Von Wut gezeichnet

von Redaktion

Nora Krug illustriert den Alltag im Krieg

VON CHRISTINA HORSTEN

Ein Jahr lang hat die Illustratorin Nora Krug nach Beginn des russischen Angriffskrieges auf die Ukraine den Alltag einer Journalistin in Kiew und eines Künstlers in St. Petersburg begleitet. Etwa im Wochentakt gaben ihr die beiden Updates über ihr Leben, ihre Arbeit, ihre Familien, ihre Ängste und ihre Sorgen. Herausgekommen ist das gerade auf Deutsch im Penguin-Verlag erschienene Buch „Im Krieg. Zwei illustrierte Tagebücher aus Kiew und St. Petersburg“. Während die ukrainische Journalistin versucht, ihre Familie in Dänemark in Sicherheit zu bringen und trotzdem immer wieder auch von der Front zu berichten, überlegt der russische Künstler, der mit dem Angriffskrieg seines Landes auf die Ukraine nicht einverstanden ist, wie er mit seiner Familie Russland verlassen kann.

„Für mich als Deutsche war das einfach ein sehr intensives Erlebnis, den Kriegsbeginn mitzubekommen aus der Ferne“, sagt die 1977 in Karlsruhe geborene Krug in ihrem Haus in Brooklyn. „Und man fühlt sich ja sehr hilflos. Ich würde mal sagen, in all meinen Büchern geht es eigentlich darum, dass ich gegen dieses Gefühl der Hilflosigkeit kämpfe und auch gegen die Wut, die man empfindet, wenn man hilflos solchen Dingen, die in der Welt passieren, tagtäglich gegenübersteht.“

Bereits in den ersten Kriegstagen 2022 kontaktierte Krug die Ukrainerin und den Russen, die sie zufällig und flüchtig kannte. „Ich habe sie gefragt, wie es sich für sie anfühlt, wie sie jetzt mit dieser neuen Realität umgehen. Beide haben sofort geantwortet – und ich habe gemerkt, diese Antworten sind so roh und verschaffen uns einfach so einen tiefen Einblick in die Alltagserfahrung des Krieges.“ Krug illustriert die Antworten und veröffentlicht sie zunächst in der „Los Angeles Times“, bevor sie im vergangenen Jahr auf Englisch und nun auf Deutsch als Buch erschienen.

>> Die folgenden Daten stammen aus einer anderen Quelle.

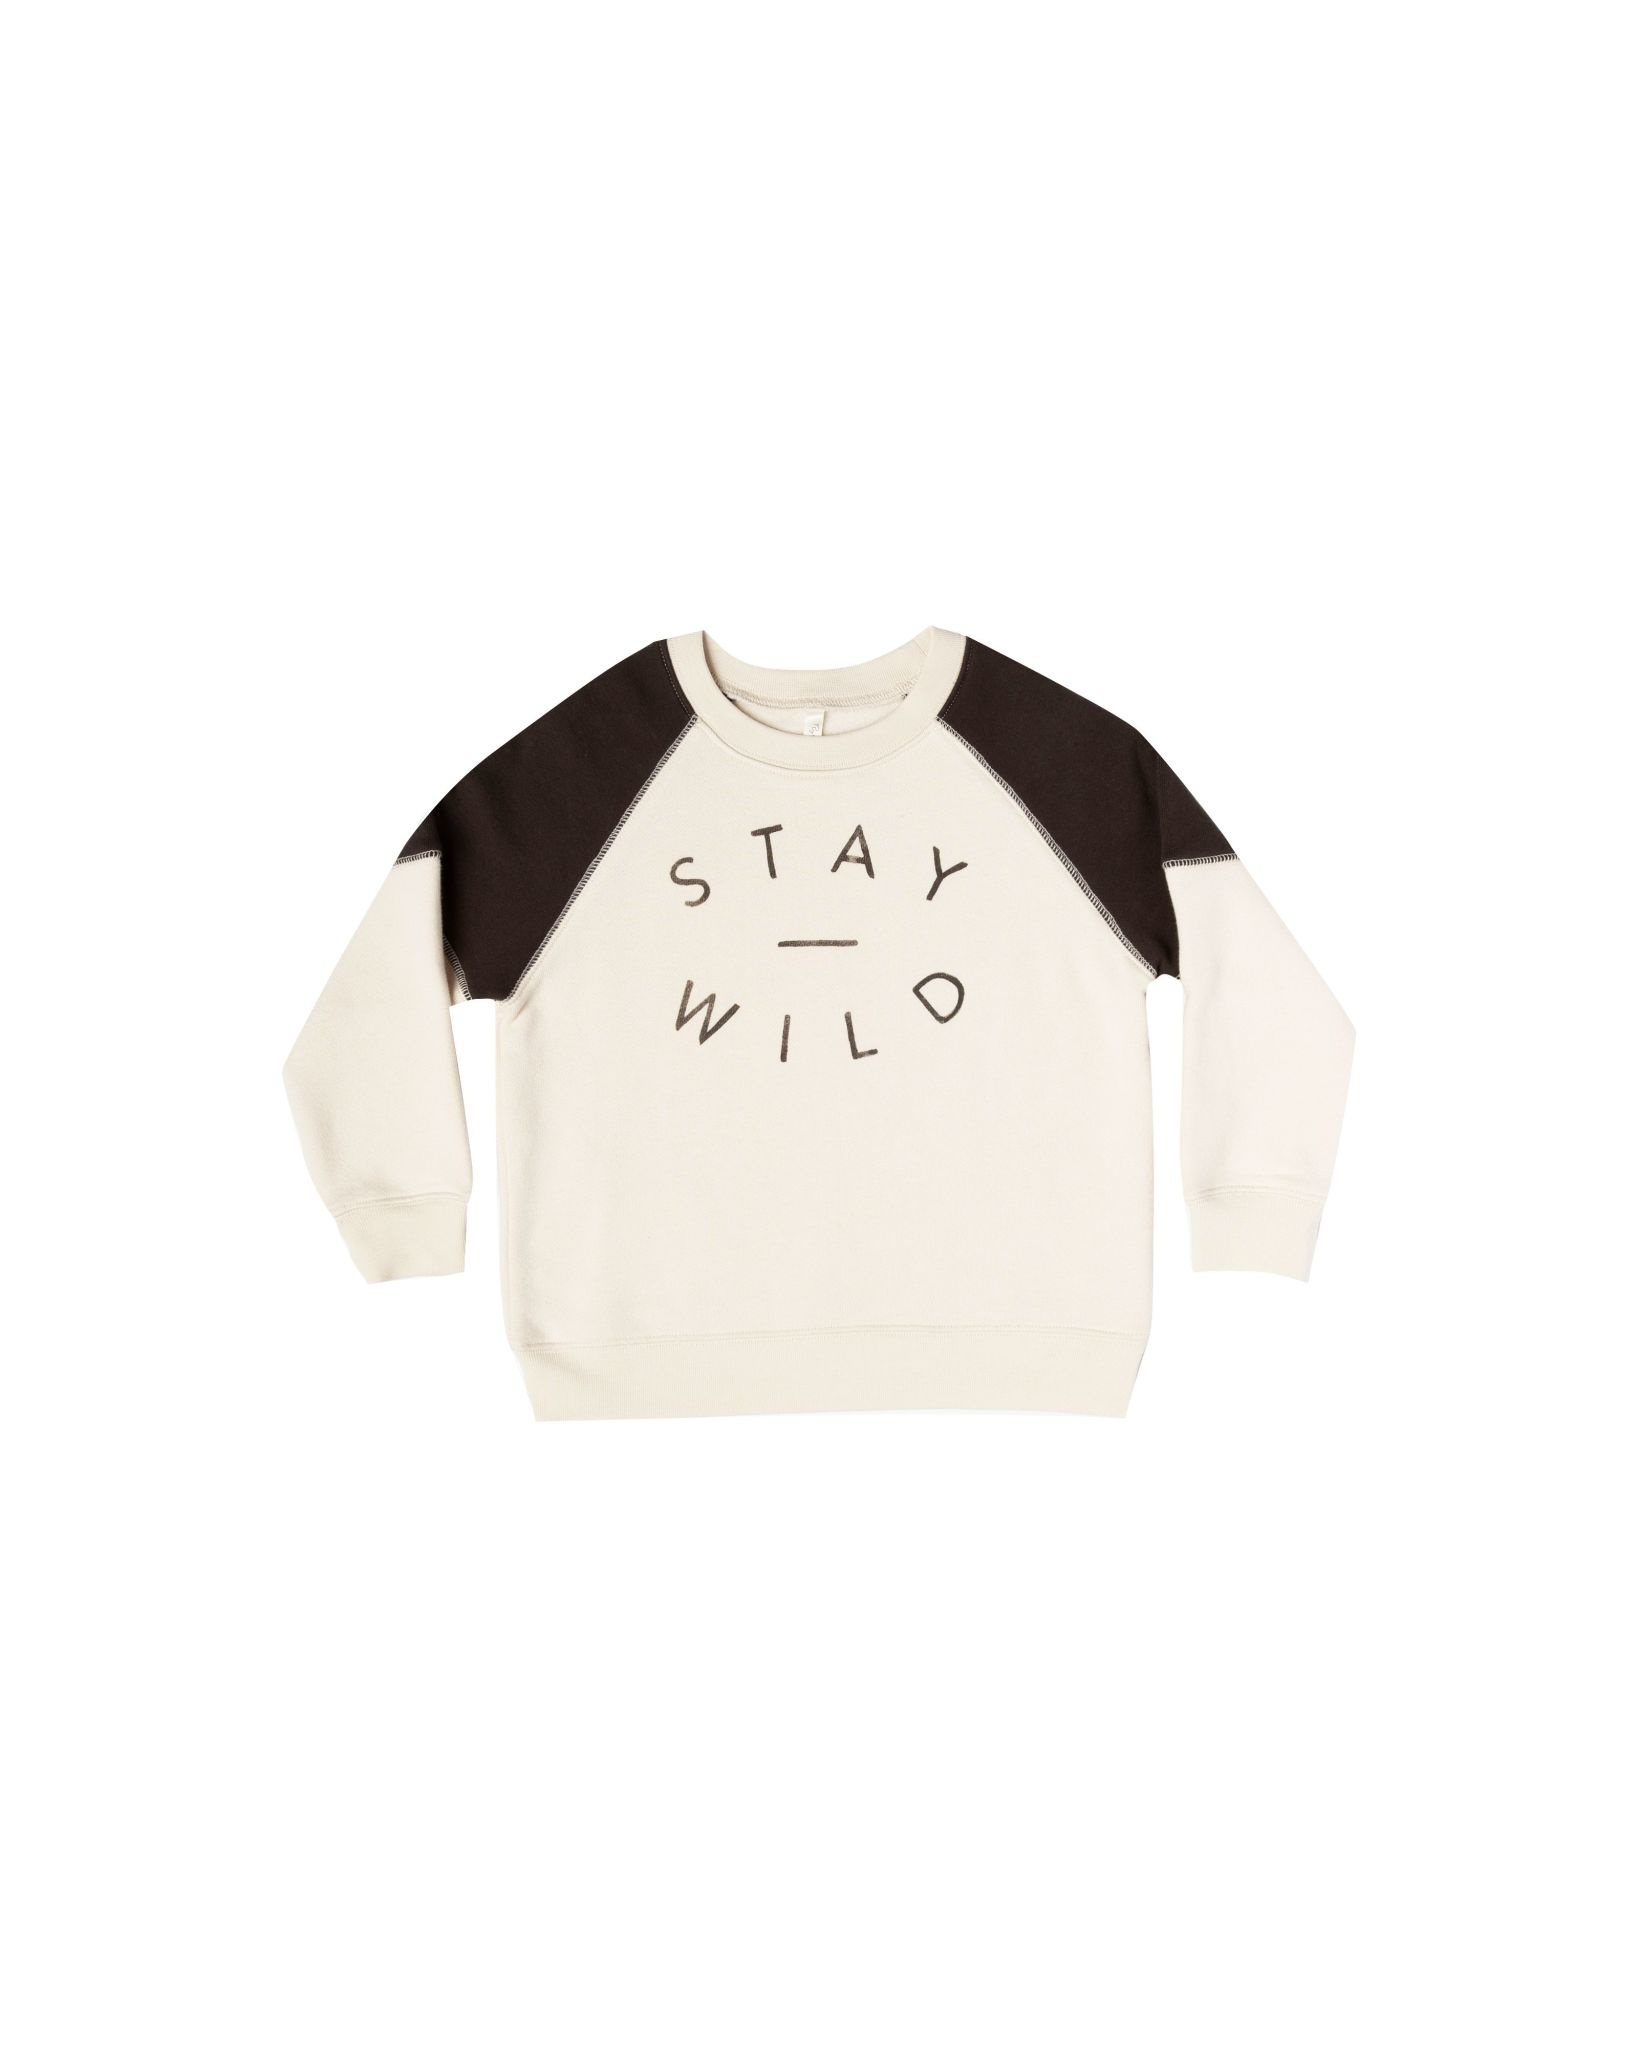 RYLEE AND CRU Stay Wild Raglan Sweatshirt
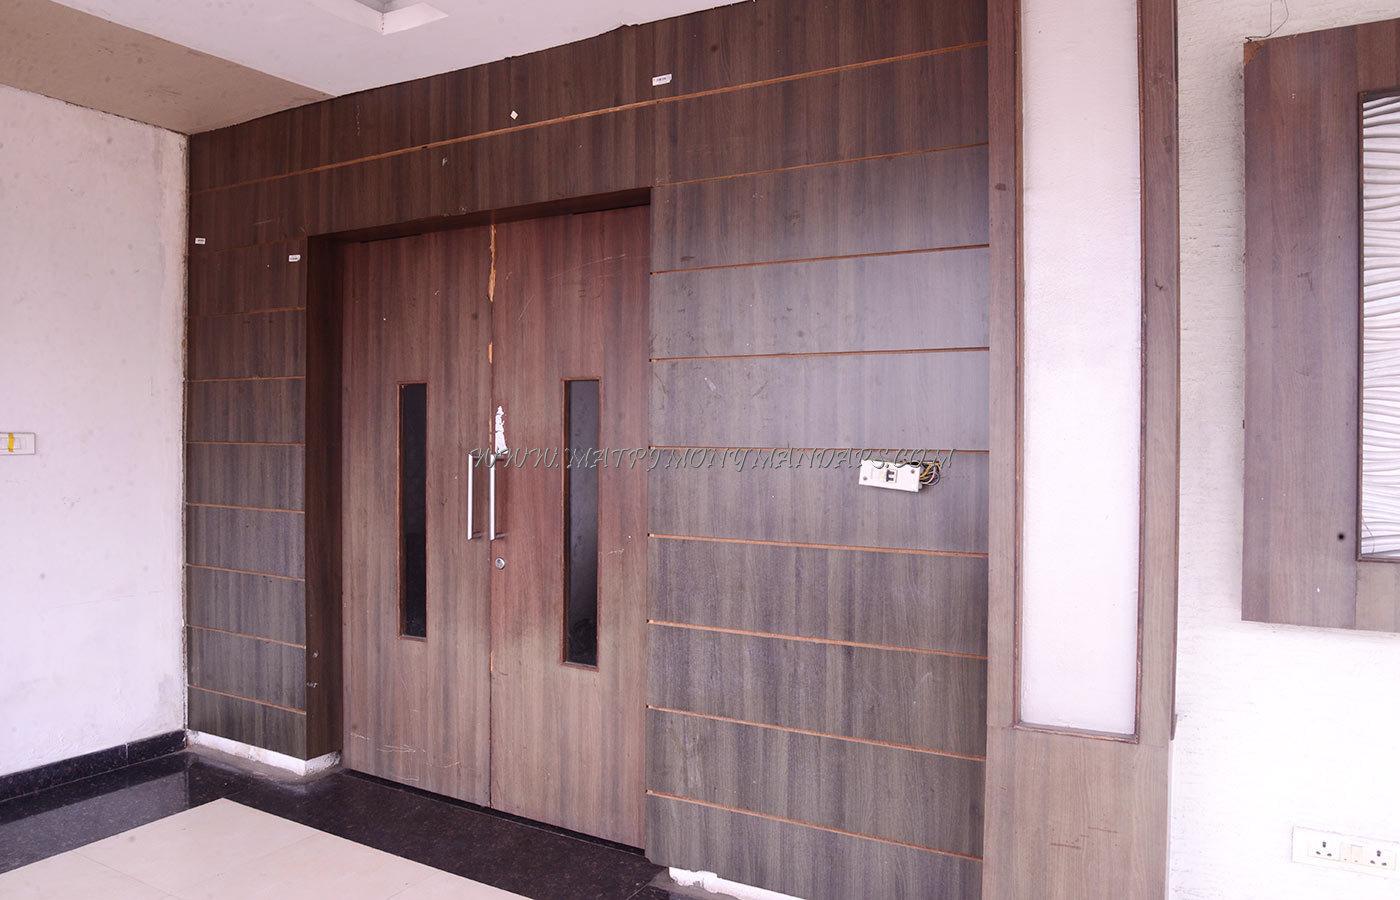 SMS Hotel Hall 1 - Entrance

Zuvor hat die bereits vielfach preisgekrönte Illustratorin, die seit dem Studium in New York lebt, unter anderem das Buch „Über Tyrannei“ des US-Historikers Timothy Snyder illustriert und in dem 2018 erschienenen „Heimat“ ihre deutsche Familiengeschichte in Hinblick auf den Nationalsozialismus dokumentiert. „Ich werde oft darauf angesprochen, dass das mutig war, aber für mich ist es eher Neugierde und Gründlichkeit und so eine Kompromisslosigkeit gewesen“, sagt Krug. „Ich wollte das einfach unbedingt wissen, was in meiner Familie passiert ist, weil ich nämlich erst, als ich nach New York kam, gemerkt habe, dass ich gar nichts darüber weiß.“ Das Buch habe ihr geholfen, „konstruktiver mit dieser Schuld umzugehen und mich nicht so paralysiert zu fühlen“.

Wenn sie gerade nicht an einem konkreten Projekt arbeite, zeichne sie eigentlich nie, erzählt Nora Krug. „Ich bin noch nie jemand gewesen, der darin aufgeht, ständig zu zeichnen. Ich habe auch keine Skizzenbücher.“ Das nächste Projekt steht aber schon an: An der Elite-Universität Yale darf Krug ein Jahr lang im „Fortunoff Video Archive for Holocaust Testimonies“ forschen, einem der weltweit wichtigsten Video-Archive von Interviews mit Holocaust-Überlebenden.

Nora Krug:

„Im Krieg“. Penguin, München, 128 Seiten; 28 Euro. Lesung: Nora Krug stellt ihr Buch am 25. März,19 Uhr, im Münchner Literaturhaus, Salvatorplatz 1, vor; Karten unter 0761/ 888 49 999 oder online unter literaturhaus-muenchen.reservix.de.